= GIVEN MATERIAL =
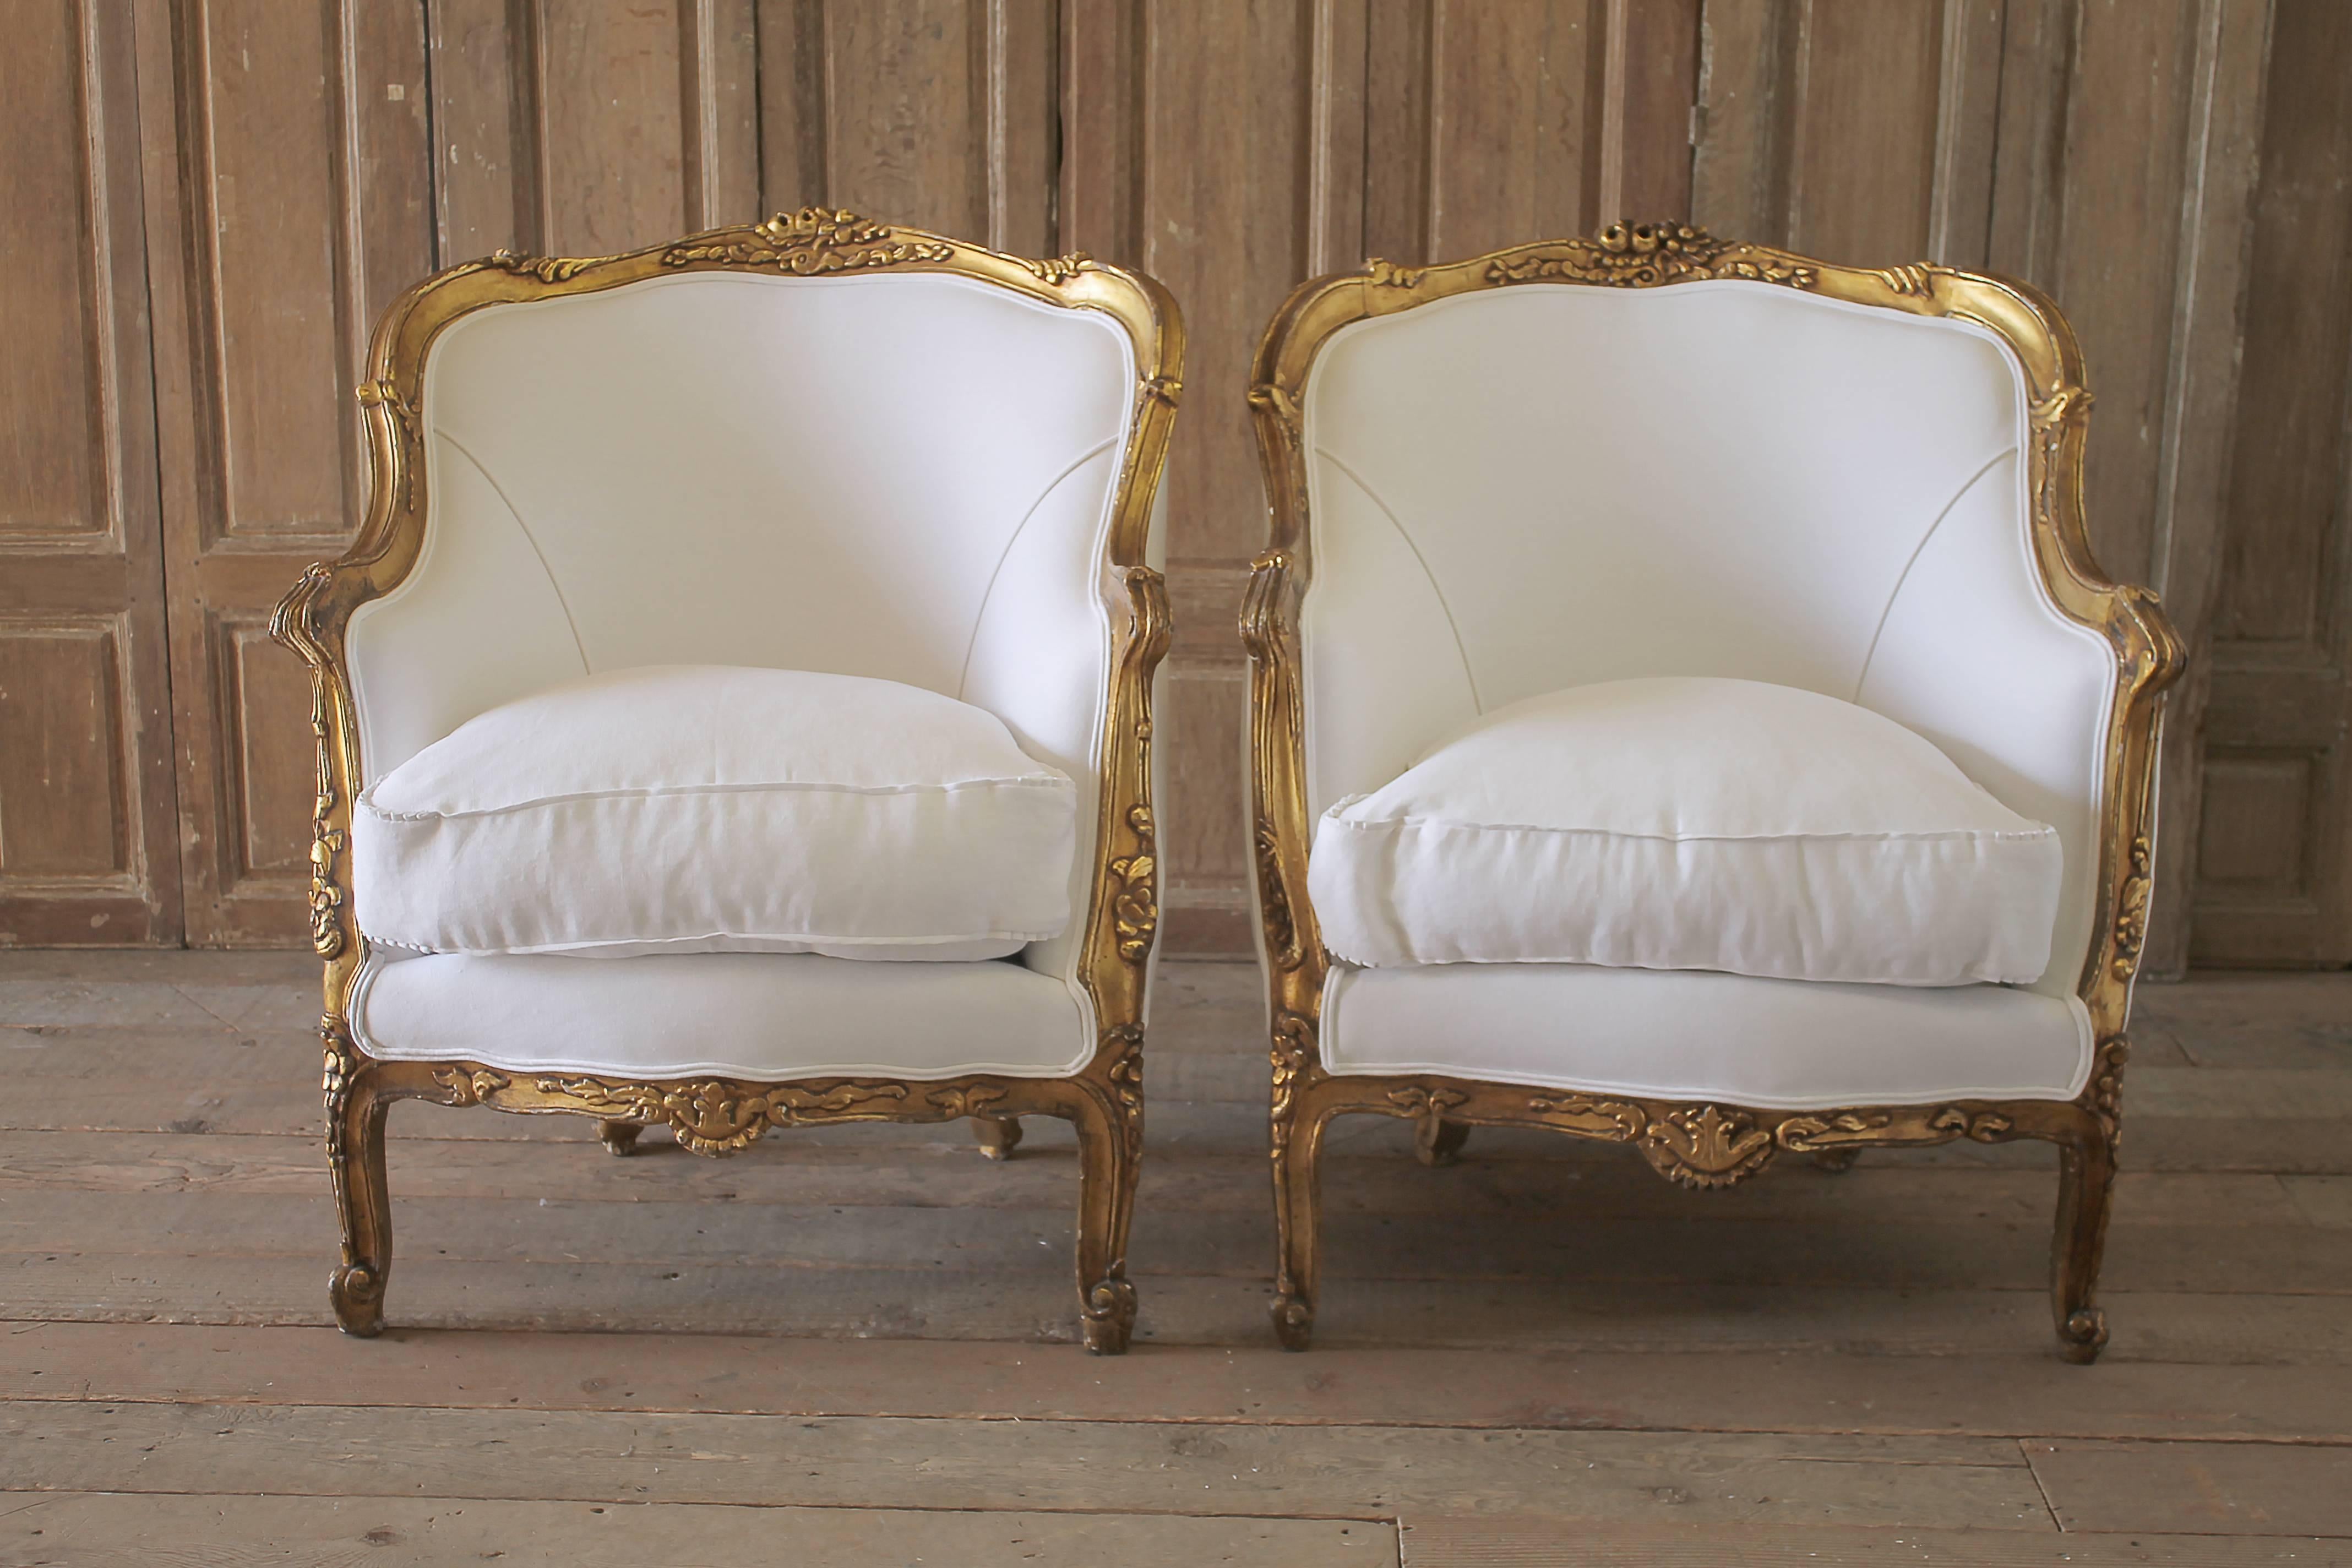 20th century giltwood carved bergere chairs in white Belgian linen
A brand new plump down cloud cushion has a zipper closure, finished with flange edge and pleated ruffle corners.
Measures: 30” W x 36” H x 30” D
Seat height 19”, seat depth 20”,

= PROBLEM STATEMENT =
Every line of the listing above is to be repeated exactly, with its pictures left out.

= EXPECTED ANSWER =
 20th century giltwood carved bergere chairs in white Belgian linen
A brand new plump down cloud cushion has a zipper closure, finished with flange edge and pleated ruffle corners.
Measures: 30” W x 36” H x 30” D
Seat height 19”, seat depth 20”,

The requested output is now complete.